Элизабет затрепетала. Он снова победил.
– Если она и вернется, – с тихой яростью проговорила она, – то, уверяю тебя, Тревор, ненадолго.
Филип развязал галстук, бросил на диван и устало опустился на стул у постели Сабрины, подозрительно глядя в миску с супом. Не слишком аппетитно он выглядит! Филип никак не мог понять, что сделал не так. Очевидно было одно: сама попытка проглотить хотя бы ложку этого варева будет настоящим подвигом. Но есть надо!
Он еще раз посмотрел на бульон с волокнистыми овощами и пересоленной ветчиной и решительно принялся опустошать миску, пока не съел все, до последней капли. И лишь потом, облегченно вздохнув, откинулся на спинку и закрыл глаза. Интересно, встревожит ли Чарлза отсутствие друга? И как скоро пошлет он на поиски?
Филип горько усмехнулся. Что за идиотские мысли? Вряд ли кому-нибудь пришло в голову, что он попал в беду. Скорее всего его отсутствие объяснят очередным любовным приключением. Нетрудно вообразить, какими непристойными шуточками станут обмениваться джентльмены, расписывая его воображаемые похождения с первой же встреченной смазливой девчонкой. Должно быть, немало пари уже успели заключить относительно исхода его приключения. Жаль, что он так и не сможет оправдать их разыгравшегося воображения.
Филип с тревогой посмотрел на Сабрину, метавшуюся во сне. Ее прекрасные волосы спутались, и он, наклонившись над девушкой, пригладил рыжие пряди и заплел, как умел, длинную косу. Результат получился не таким уж блестящим, но для первого раза сойдет.
Интересно, из какой она семьи? Речь правильная, без малейших следов йоркширского акцента. Видно, что Сабрина получила неплохое образование. Филип невольно представил, что она жила с холодной, бесчувственной, властной мачехой и слабым, безвольным отцом, иначе как могла воспитанная девушка знатного рода отважиться на подобный поступок!
– Итак, дорогая, – обратился он к спящей, – будь уверена, я постараюсь докопаться до истины, даже если для этого придется проникнуть в твою прелестную головку и вытащить правду на свет Божий!
Он потрогал ее лоб и выругался. Сухой и горячий. Значит, горячка не пощадила ее.
Девушка неожиданно распахнула глаза и, вперившись в него невидящим взглядом, принялась сбрасывать одеяла.
– Нет! – пронзительно вскрикнула она. – Ты не можешь, дедушка! Нет! Мой бедный Дьябло, нет!
Филип схватил ее за плечи и прижал к подушке.
– Сабрина! Ты слышишь меня? Все хорошо. У тебя жар. Но он скоро пройдет, клянусь, ты выздоровеешь.
Она опустила ресницы и обмякла. Филип разжал руки, но девушка неожиданно встрепенулась и ударила его в грудь кулаком.
– Ублюдок! Немедленно отпусти меня, слышишь?

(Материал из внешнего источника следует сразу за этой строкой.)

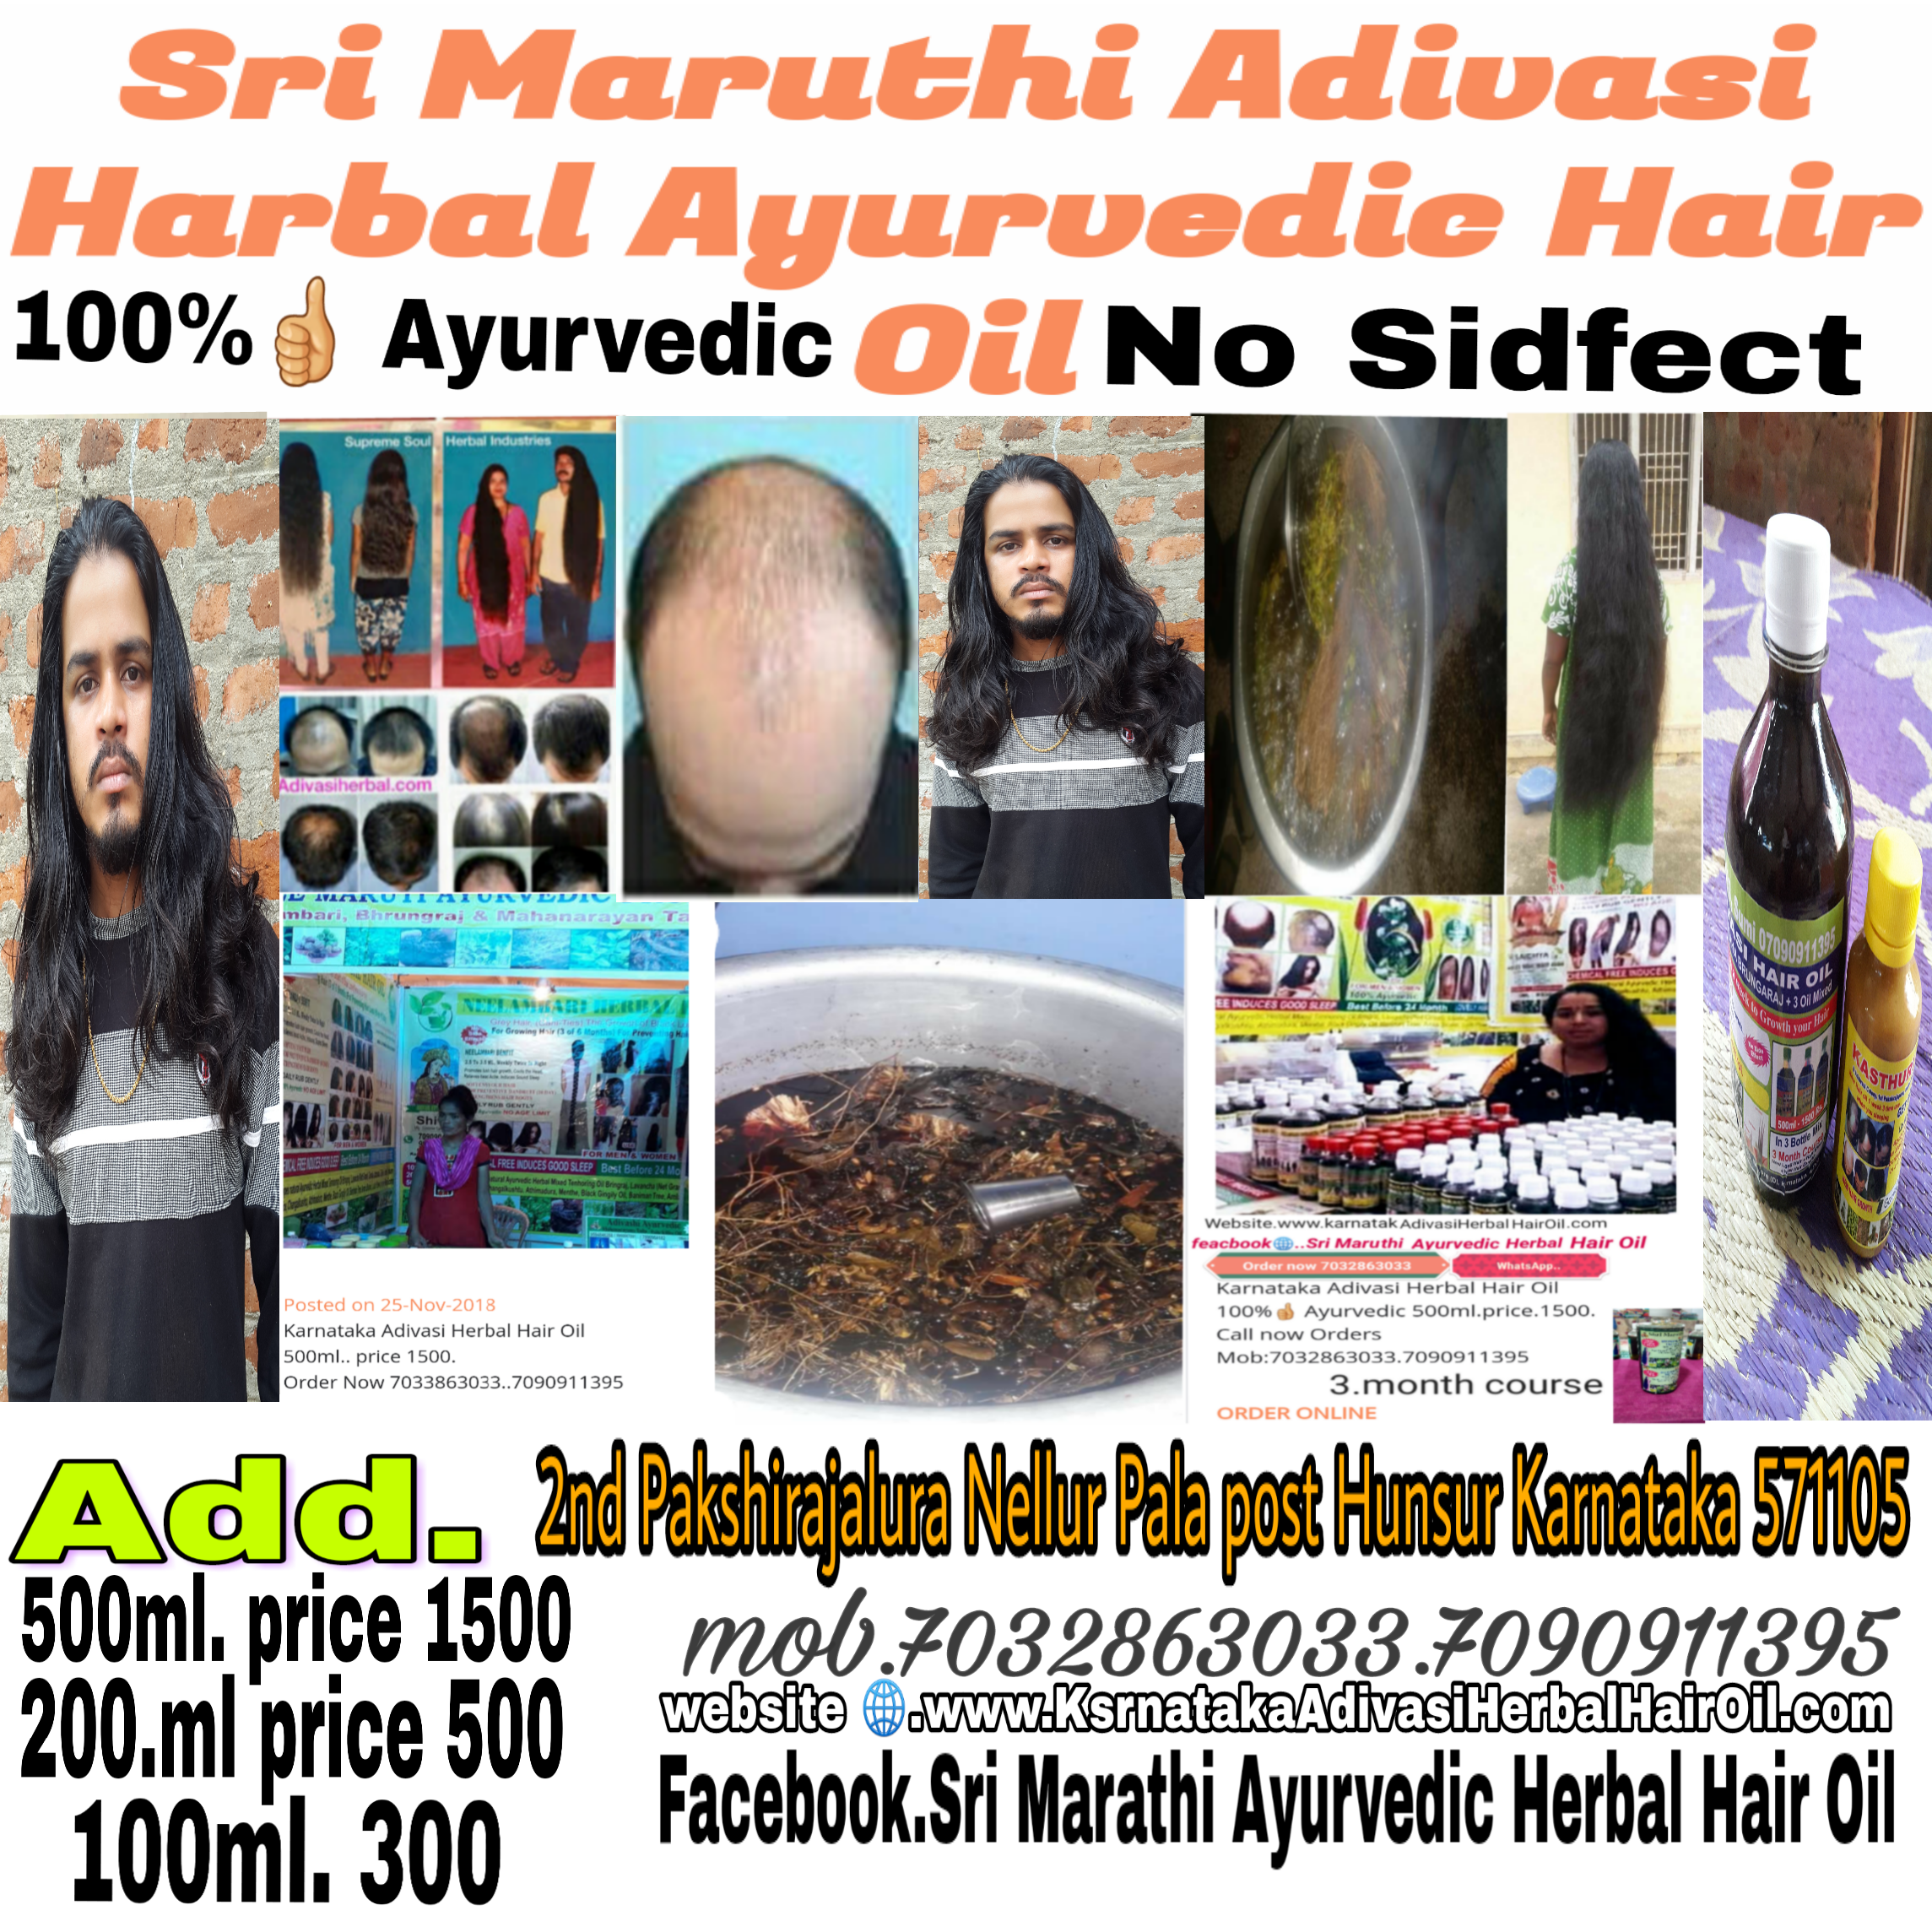 Karnataka Adivasi Herbal Hair Oil in Hyrige, Mysore-571189 | Sulekha Mysore

Что творится в ее мозгу? Неужели опять приняла его за Тревора?
Сабрина заплакала, и у Филипа сжалось сердце. Ему не вынести этого! Он привлек ее к себе и начал укачивать.
– Все пройдет, милая. Я не лгу. Доверься мне. Даю слово, никто на свете больше не посмеет обидеть тебя. Ты должна отдыхать и поправляться. Как только выздоровеешь, будешь колотить меня сколько душе угодно.
Сабрина наконец успокоилась. Он решил было, что она сейчас заснет, но девушка вновь стала вырываться и, нахмурившись, объявила:
– Здесь ужасно жарко. Почему? Мне это не нравится. Вы что, рассудок потеряли? Пытаетесь меня поджарить заживо?
Он вспомнил жестокую лихорадку, терзавшую Люциуса, снедавшую брата изнутри.
– Сейчас станет прохладнее. Попытайся не думать об огне.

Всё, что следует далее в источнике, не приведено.